Along with diagnostic studies, several recent reports have investigated the association between SMRP levels and past history of asbestos exposure [8,9,11,12]. These studies were not uniform in their findings. Pass et al. did not find an association between SMRP and duration of past asbestos exposure [8] but others found a significant relationship [9,11]. In these later studies, higher levels of serum SMRP were significantly related to the duration of past asbestos exposure.

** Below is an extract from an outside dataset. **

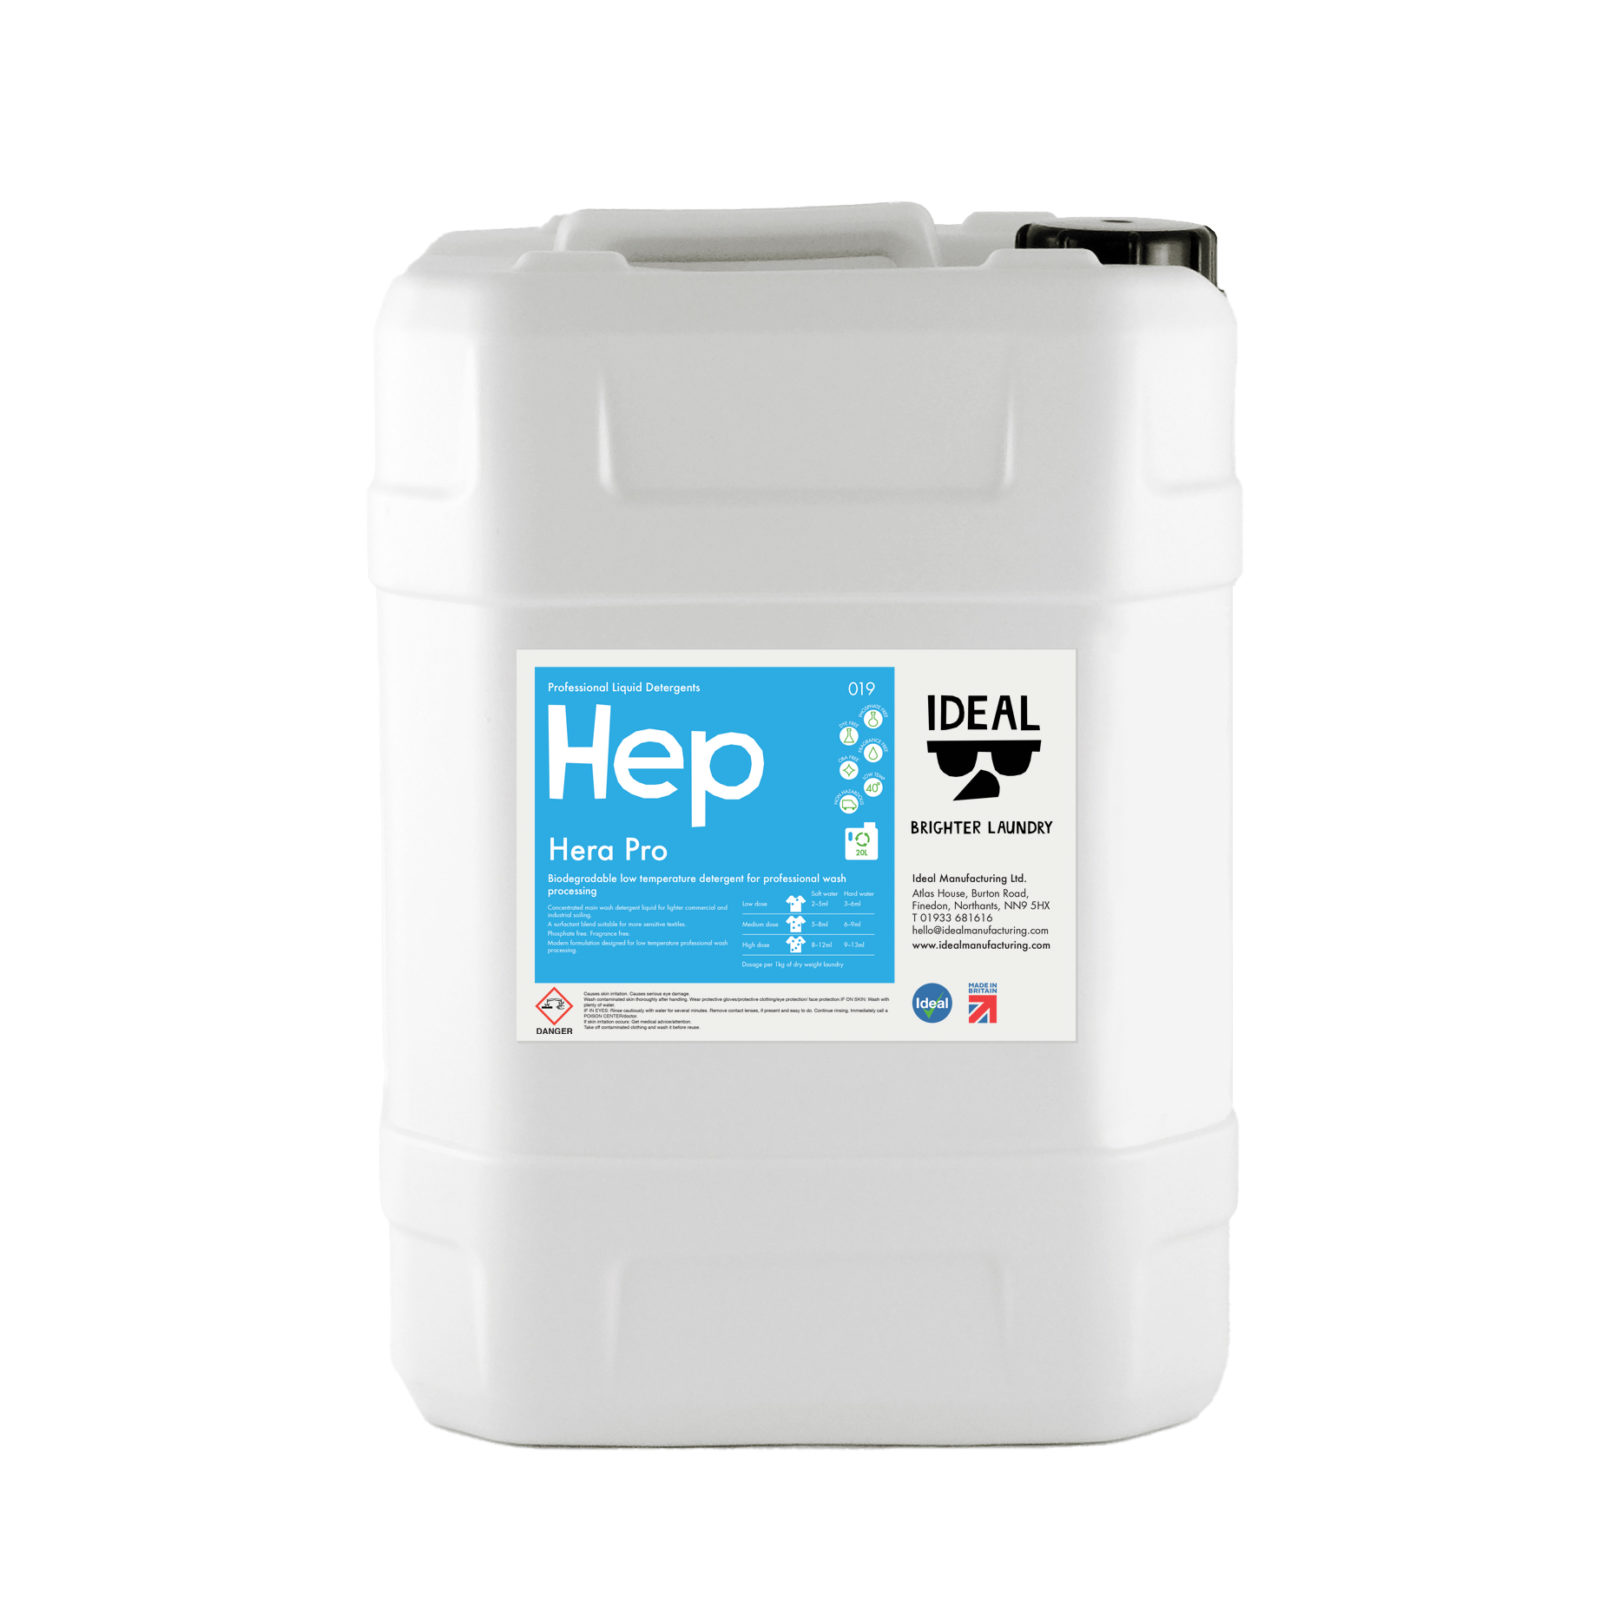 Hera Pro (Hep) – Ideal Manufacturing

Overall, the development of ARDs is related to duration of asbestos exposure in most populations, probably because this is a surrogate for intensity of exposure [13]. Disablement severity is assessed on the basis of symptoms as well as objective measures, such as lung function testing, and usually reflects an established disease that is more severe and thus highly likely to be related to past intensity of asbestos exposure. Thus, it is expected that SMRP would be related to the severity of disease and therefore to disablement status. It was not possible for us to assess past asbestos exposure in our study because of incomplete previous occupational exposure history records of the previous occupational exposure history in our cohort population. However, this would ideally be performed using an evidencebased methodology, such as a standardized questionnaire and an occupational exposure matrix [18].

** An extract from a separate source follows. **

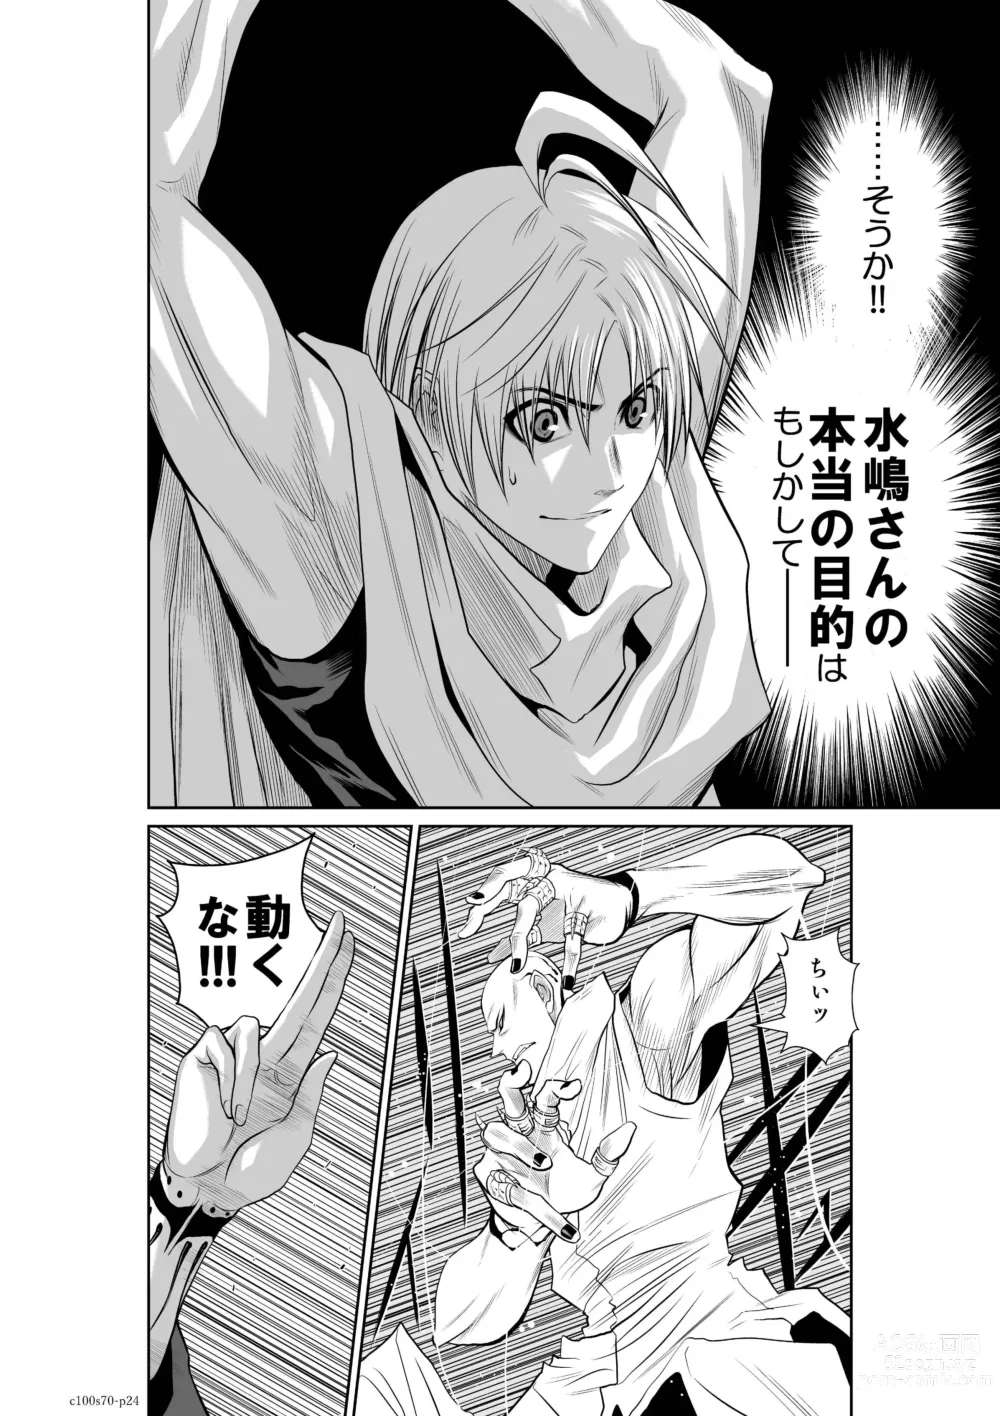 Page 541 of manga Chijou Hyakkai Ch61-70

There are several potential confounding factors in our study. The population was derived from a compensation and screening registry, and it is therefore biased to include those with symptomatic diseases. Our findings are not reflective of the population in general, and in particular, for those with ARDs who do not apply for compensation. All our study subjects were men. Smoking habits differered between the groups. Interestingly, SMRP levels in subjects with PPs were similar to those with compensable disease. The reasons for this are uncertain, but it is possible that some patients with PPs also had other ARDs, particularly asbestosis and/or DPT. High resolution CT scans are required for diagnosis and assessment in such cases, but these were not always available in our study. Currently, PPs alone (or with chest pain) are not accepted for compensation in the absence of other ARDs, as they are not associated with lung function abnormalities [19,20], although this has been questioned [21].

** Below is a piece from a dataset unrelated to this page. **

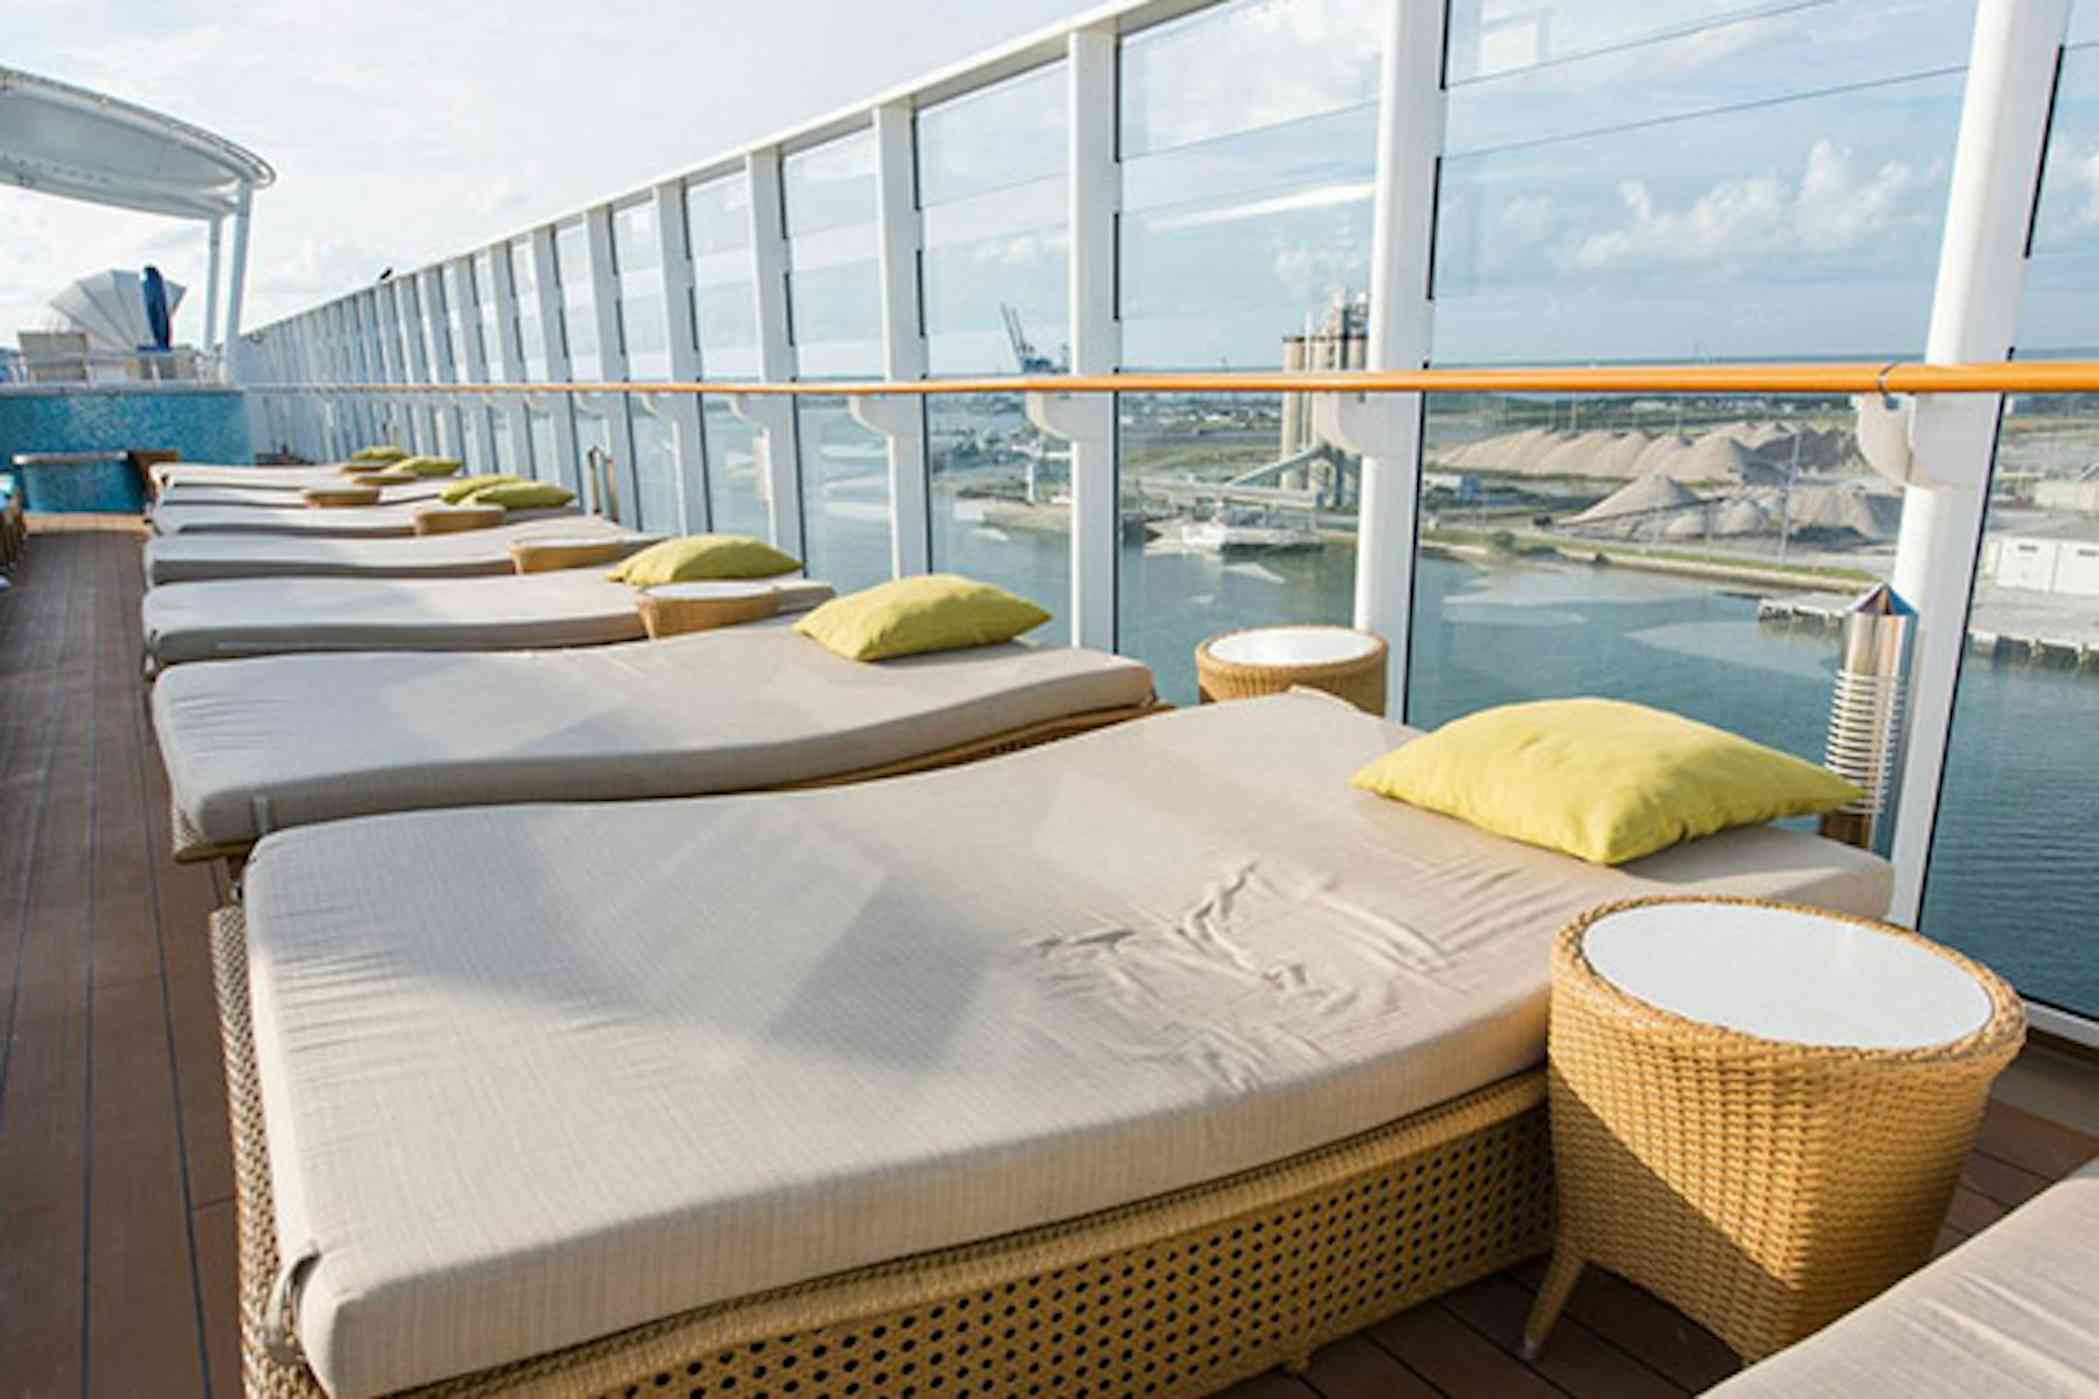 Norwegian Cruise Line Vibe Beach Club Advance Purchase Price

Lung function measurements were performed as part of an assessment for compensation, and it is possible that this could have confounded the results. We have previously found an association between lung function and SMRP levels [22], although the mechanism for this is unclear. It would be expected that SMRP would reflect severity if this were the case. However, it is also possible that SMRP reflects an inflammatory or another process which has been activated by asbestos exposure and which eventually results in an established disease. If SMRP or other biomarkers are found to be an accurate reflection of disablement, this could be helpful in providing an objective method of assessment. Further prospective work is needed in this area to substantiate our findings and clarify the underlying pathophysiological mechanisms of raised SMRP after asbestos exposure.